1. The real question that has been raised on behalf of the appellants in this case is, whether the notice which was served upon the appellants in Bhadro 1302, calling upon them to vacate the land in suit in Baisak 1303, is a good notice, having regard to the provisions of Section 49 of the Bengal Tenancy Act. The defendants have been found to be under-raiyats to whom the provisions of that section are applicable. The contention on behalf of the appellants is that, inasmuch as they were required to vacate the land in the early part of the year, and not at the end of the year, it is a bad notice, and therefore the suit based upon such a notice is not maintainable. Section 49 provides:

An under-raiyat shall not be liable to be ejected by his landlord, except (a) on the expiration of a term of a written lease; (b) when holding otherwise than under a written lease, at the end of the agricultural year next following the year in which a notice to quit is served upon him by his landlord.

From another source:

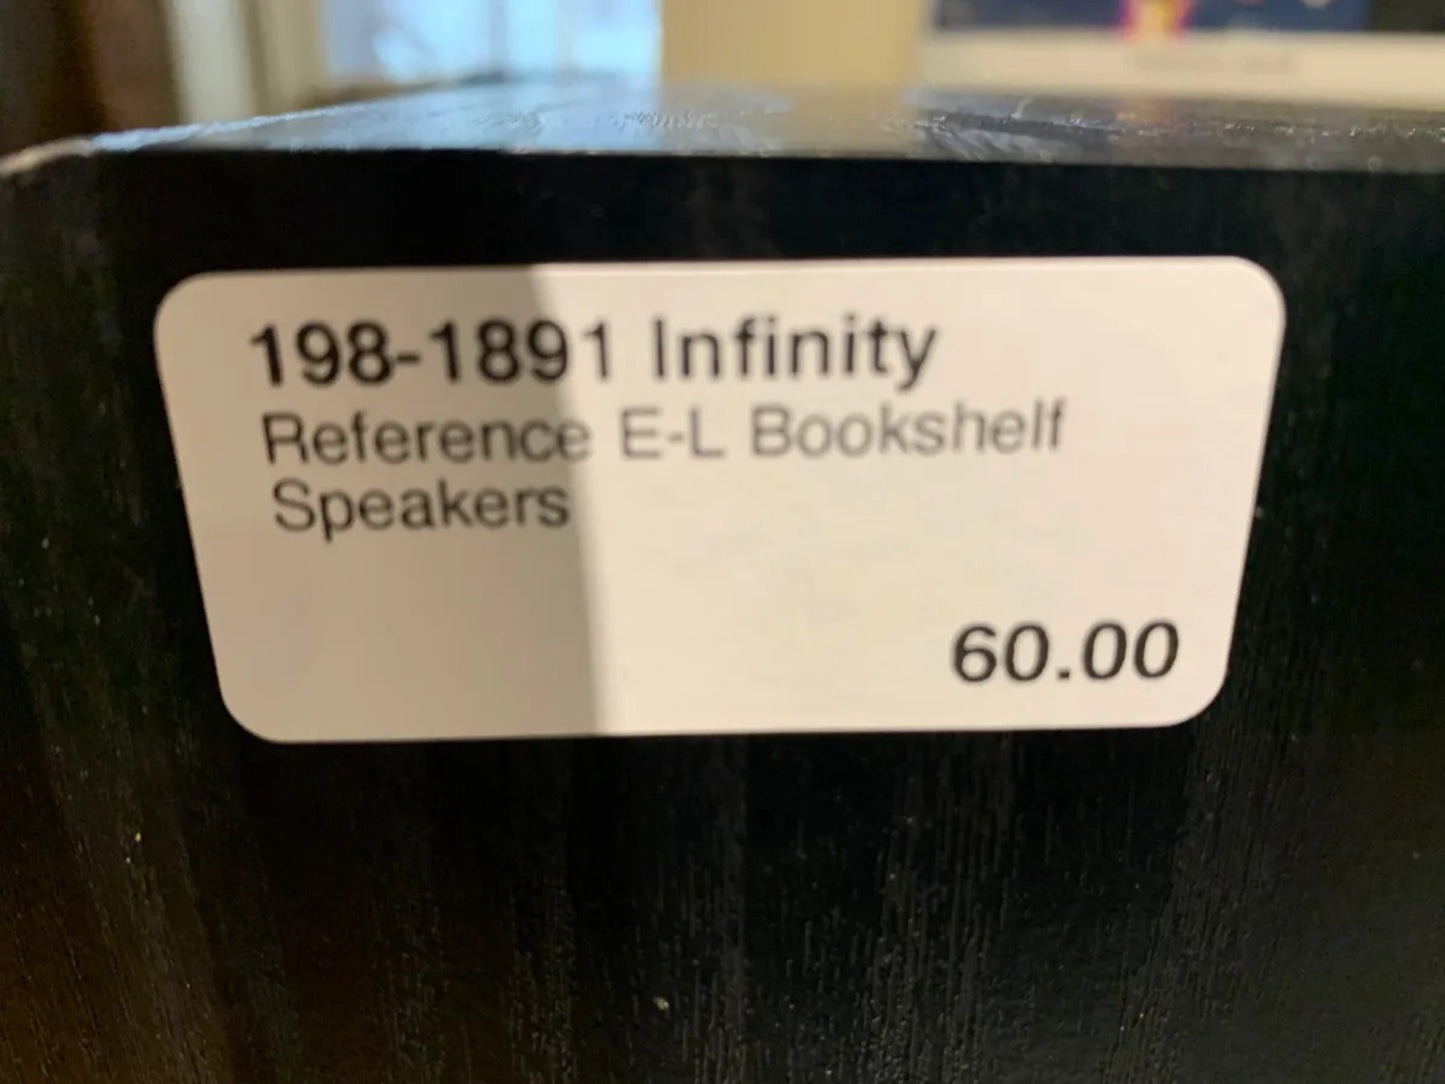 Infinity Reference E-L Bookshelf Speakers

2. What we are really asked to do is to insert after the words' notice to quit 'the words ' expiring at the end of the said year;' for Clause (b) of the section, as it stands, does not require that the notice should mention any particular time within which the under-raiyat is to quit the land. Referring to the provisions of Section 106 of the Transfer of Property Act, we find that where the Legislature intends that a notice to quit should specify the precise time within which the person to whom it is given must quit, it uses words which indicate that intention. There, the words are 'by six months' notice expiring with the end of a year of the tenancy,' and again 'by fifteen days' notice expiring with the end of a month of the tenancy.' Similar words do not occur in Section 49 of the Bengal Tenancy Act, and we are therefore unable to say that the notice in question was bad in law. The view that we adopt is the same which was laid down by a Divisional Bench of this Court in the case of Naharullah Patwari v. Madan Gazi (1896) 1 C.W.N 133. Mr. Justice Macpherson in delivering the judgment of the Court, made, amongst others, the following observations:

The Legislature advisedly seems to have refrained from fixing any period of notice, and the section was probably framed as it is framed with the view of doing away with all questions of the unreasonableness or otherwise of the notice, it being considered sufficient to intimate the landlord's intention of determining the tenancy and leaving the law to operate, so that the raiyat, if he chooses to remain on the land, shall not be ejected until a certain time had expired after the notice was served. The circumstance that the landlord has called upon the tenant to quit at a time when he could not compel him to do so does not, we think, vitiate the notice. A notice to quit without specifying any period would be open to the same objection on the ground that it was a notice to quit at once.

3. The suit for ejectment founded on the notice in question was not brought until two years after the expiry of the year 1303, and it is obvious therefore that the defendants could not have been prejudiced by reason of the notice not specifying the time at which they would be liable to ejectment under the provisions of Section 49 of trie Act.

4. The appeal is dismissed with costs.